[[ THE DATA open ]]

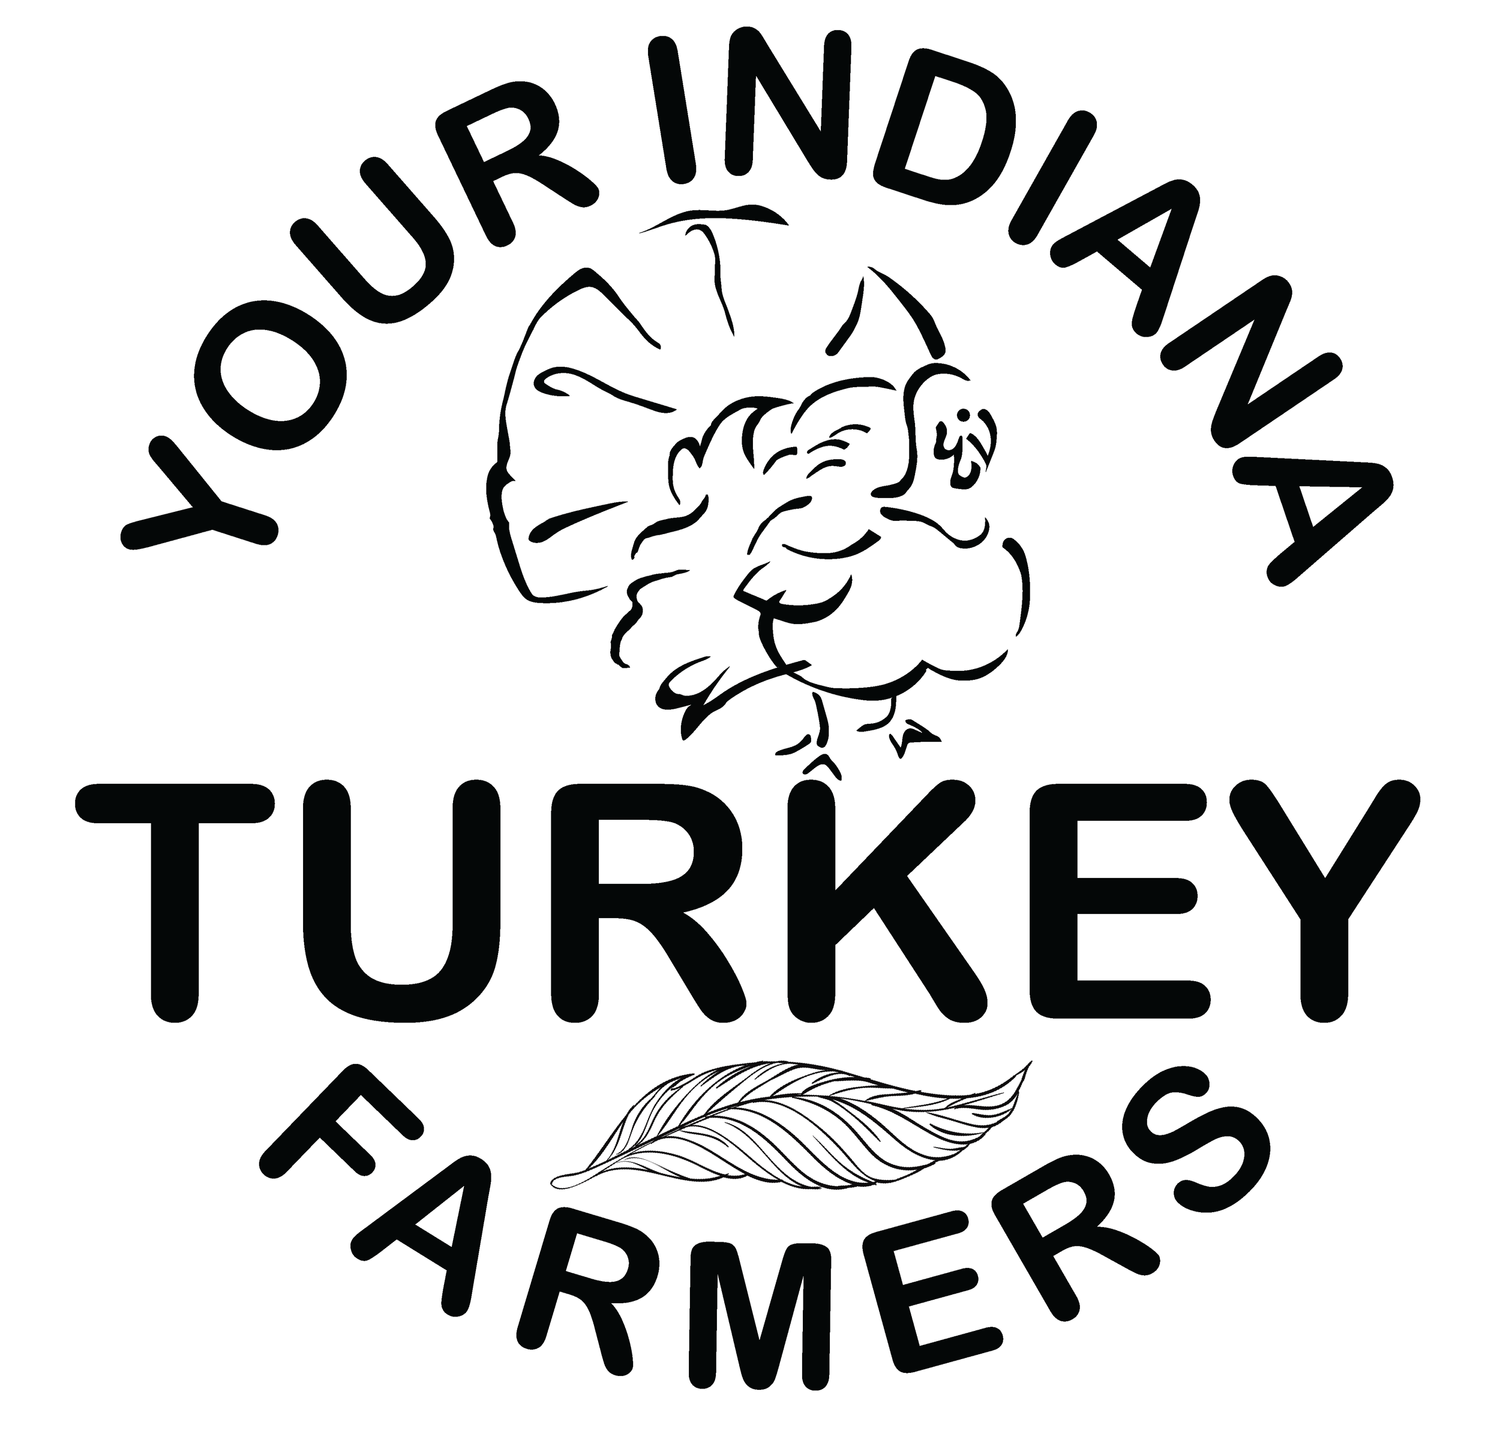 Your Indiana Turkey Farmers presents
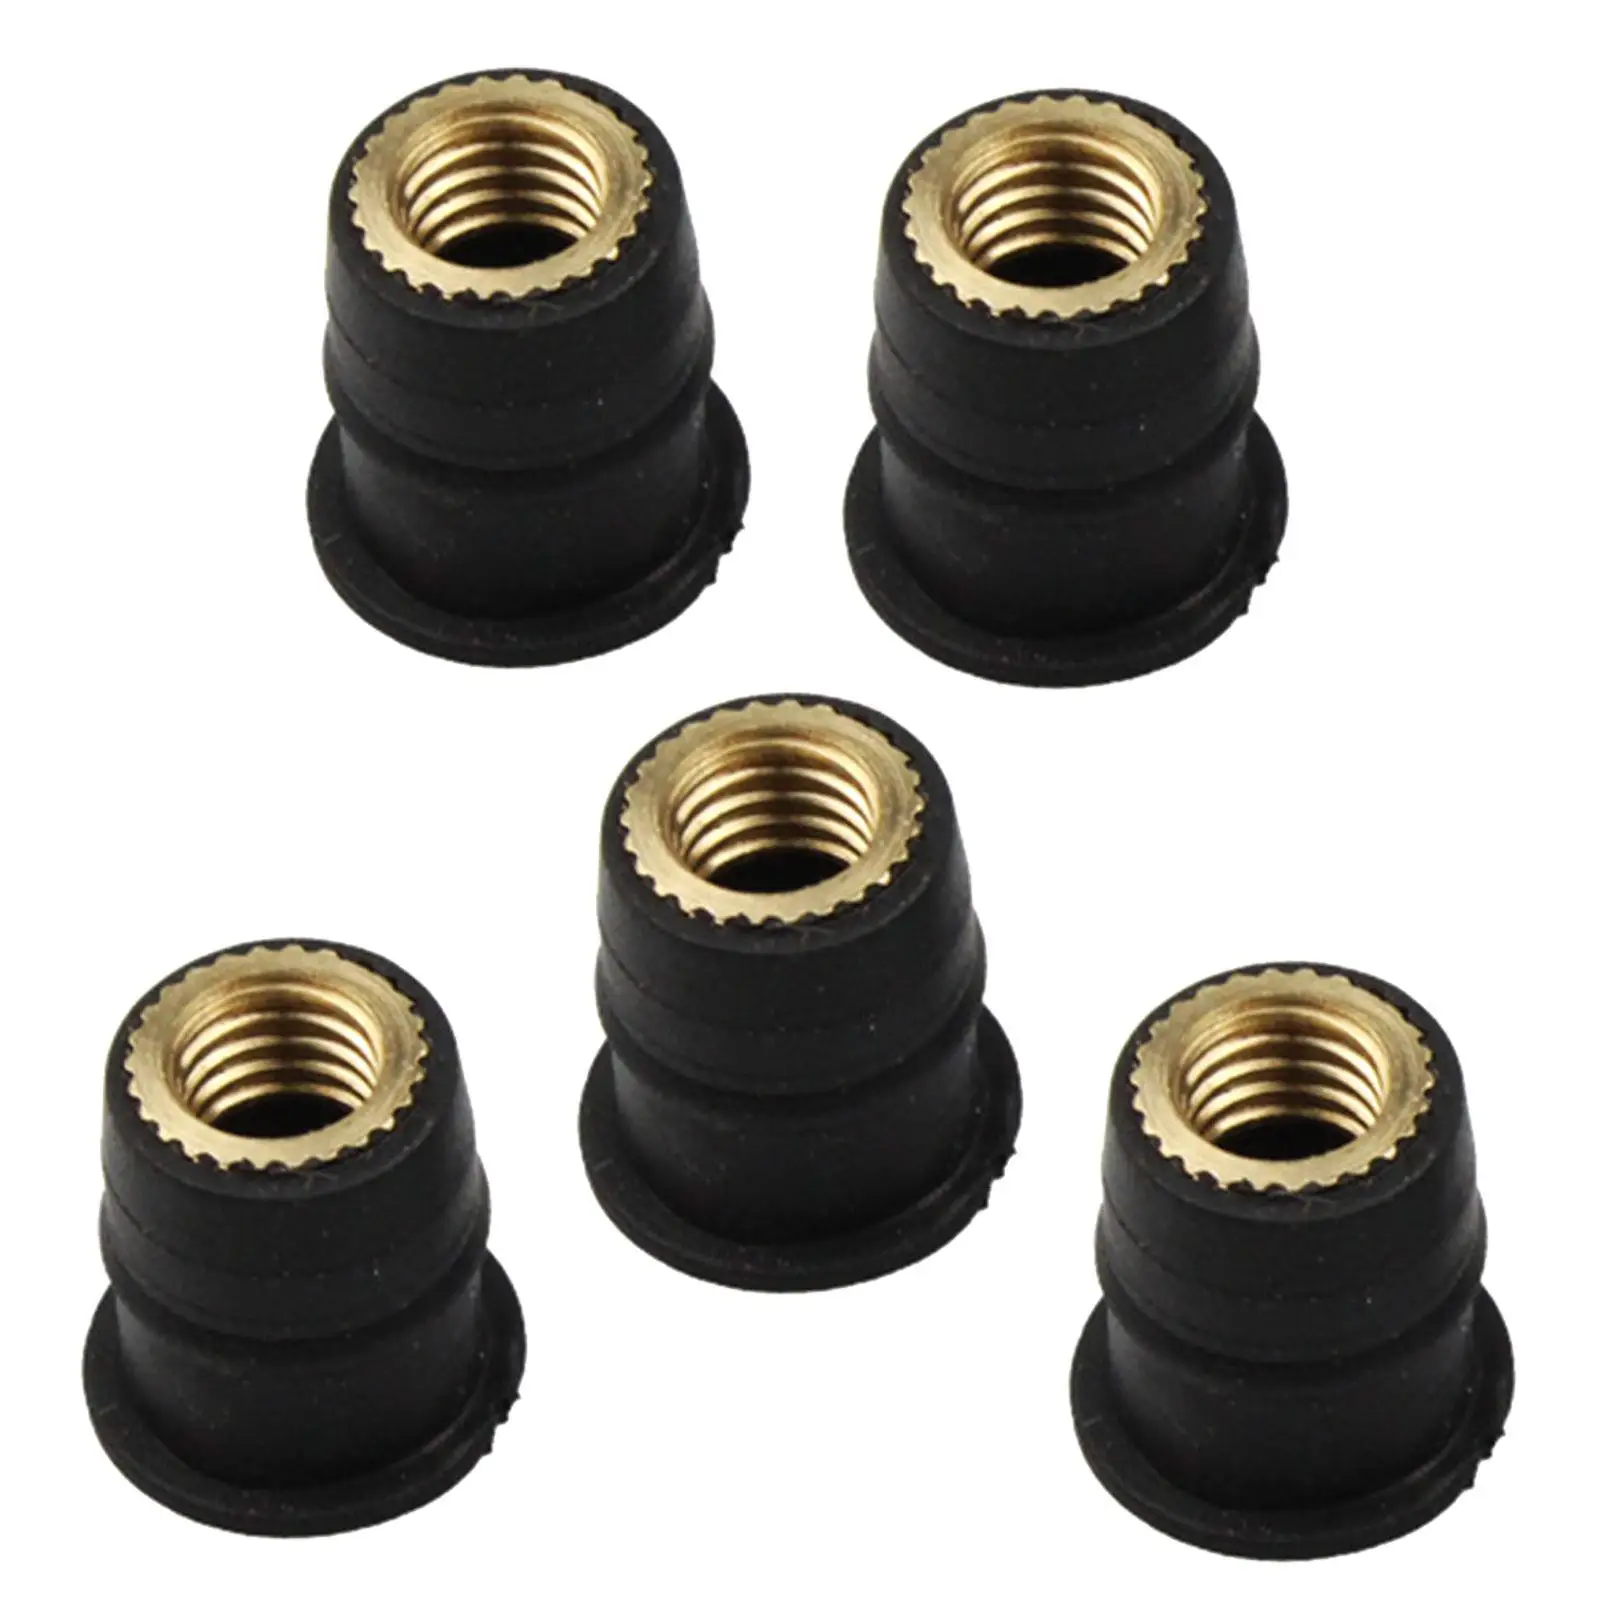 5x Windshield Rubber Well Nut Parts Motorcycle Fastener for Kayak Canoe
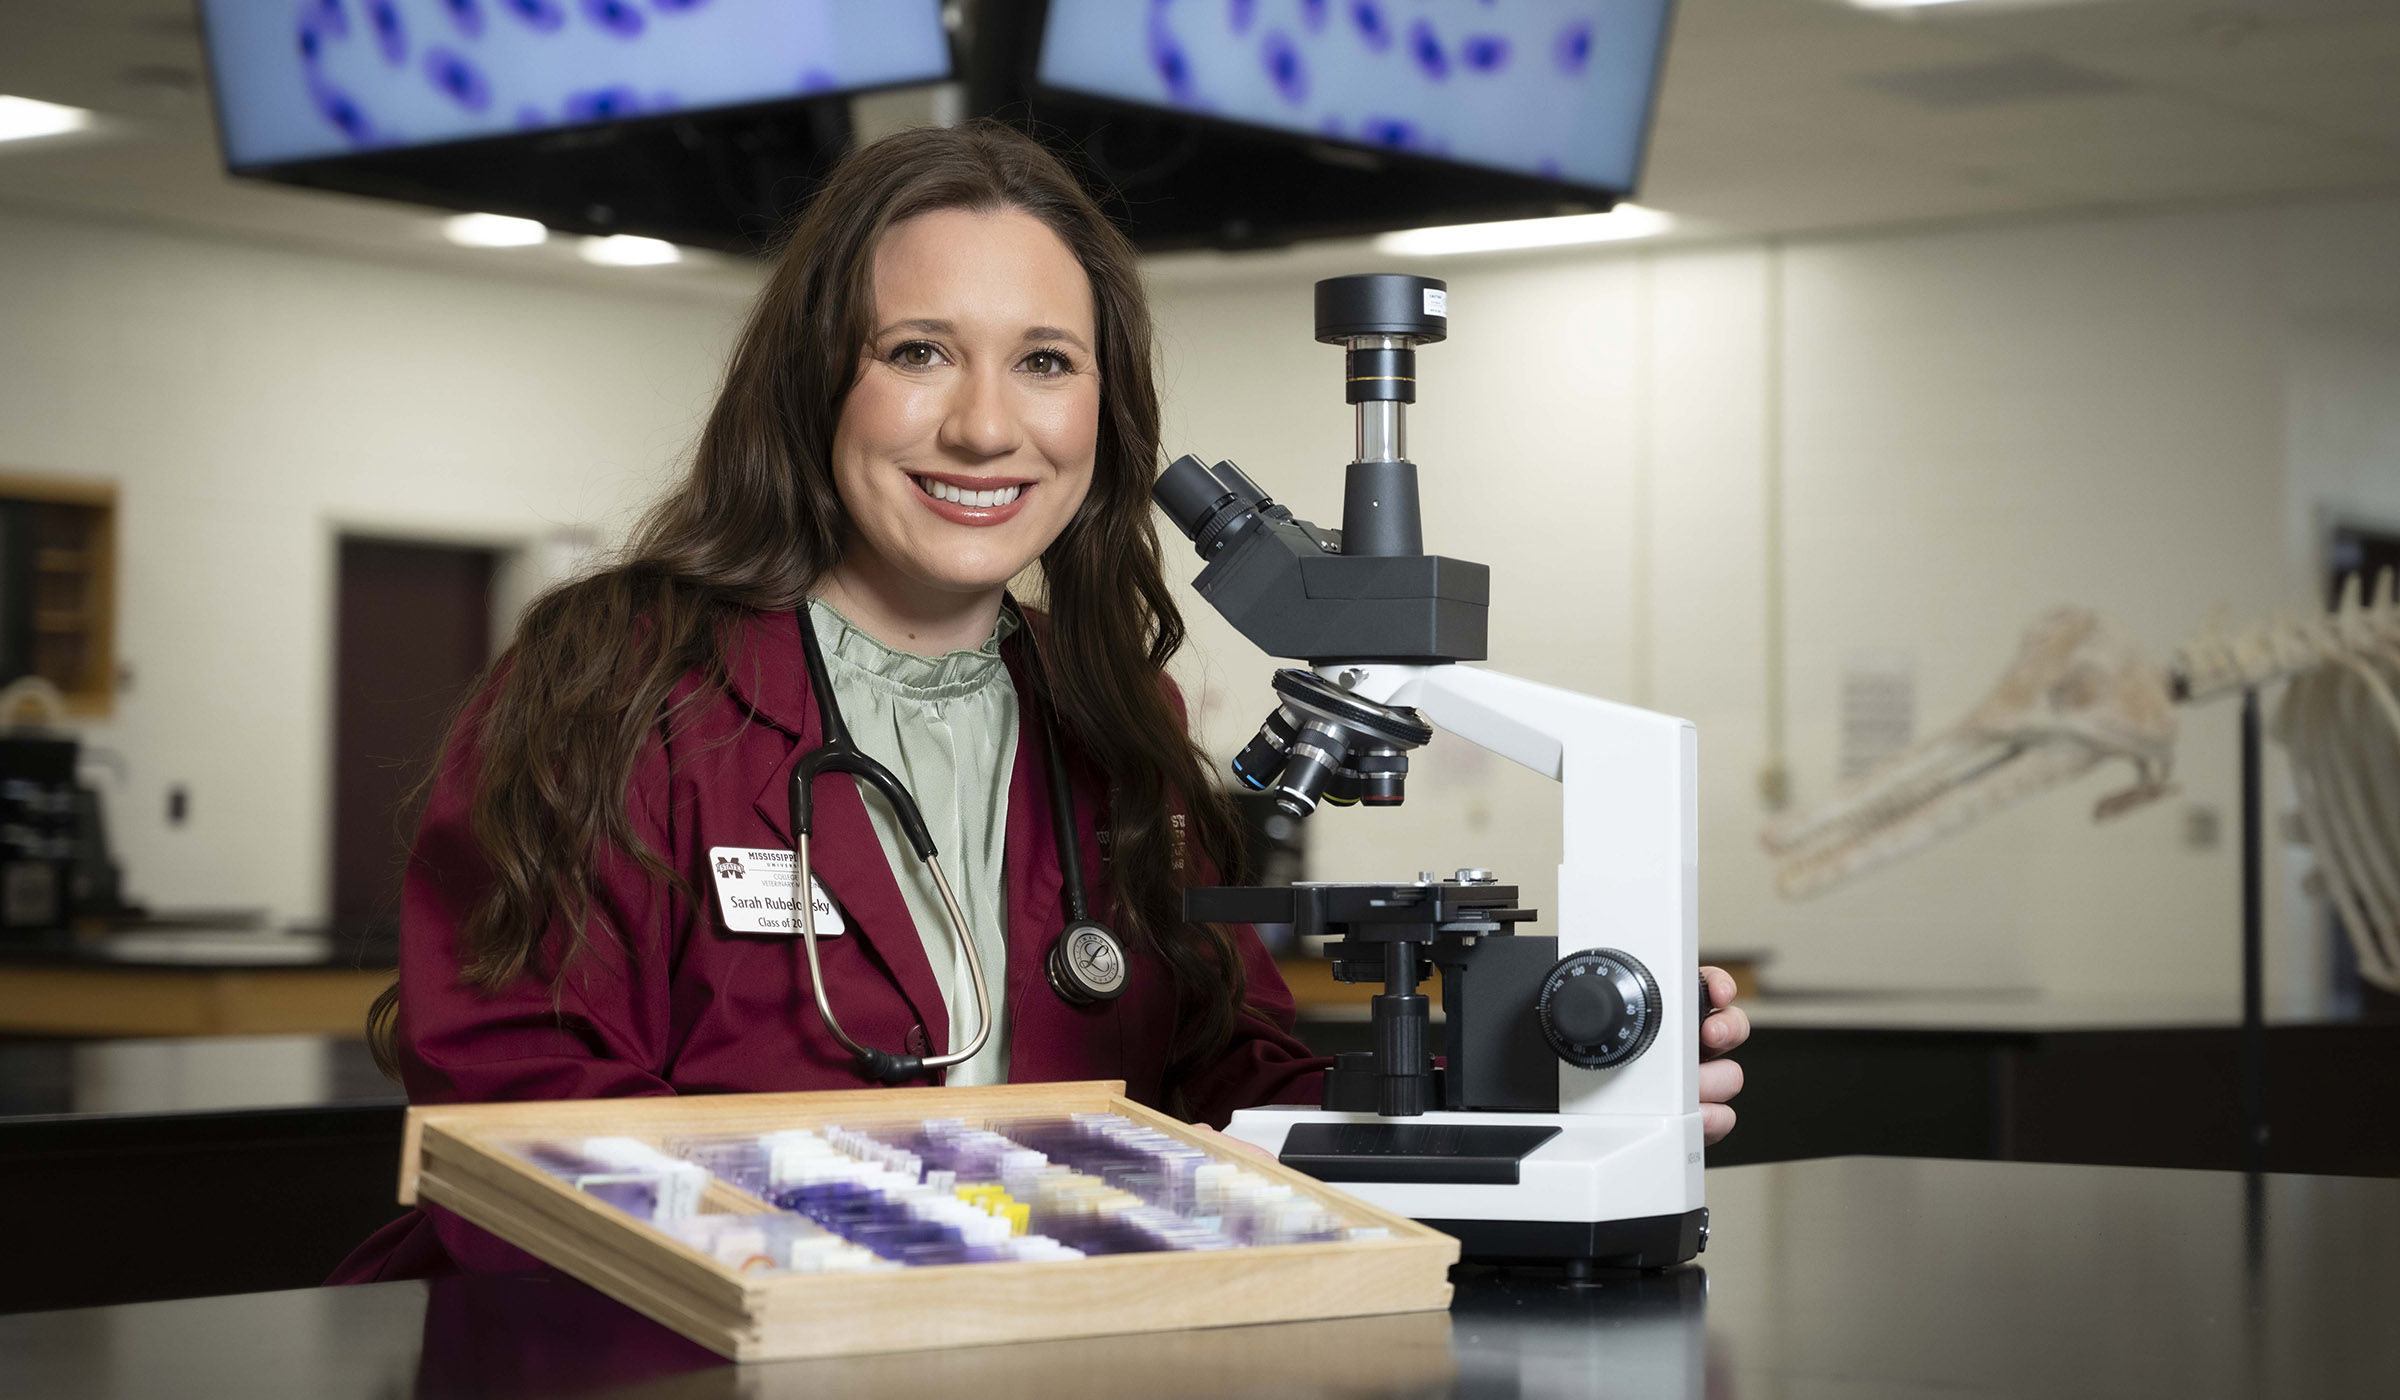 Sarah Rubelowsky, pictured in a lab next to a microscope

[[ THE DATA closed ]]

The entire listing is to be printed exactly, with each picture omitted.

(ANSWER BOX)
 Your Indiana Turkey Farmers presents
 5x Windshield Rubber Well Nut Parts Motorcycle Fastener for Kayak Canoe
 Sarah Rubelowsky, pictured in a lab next to a microscope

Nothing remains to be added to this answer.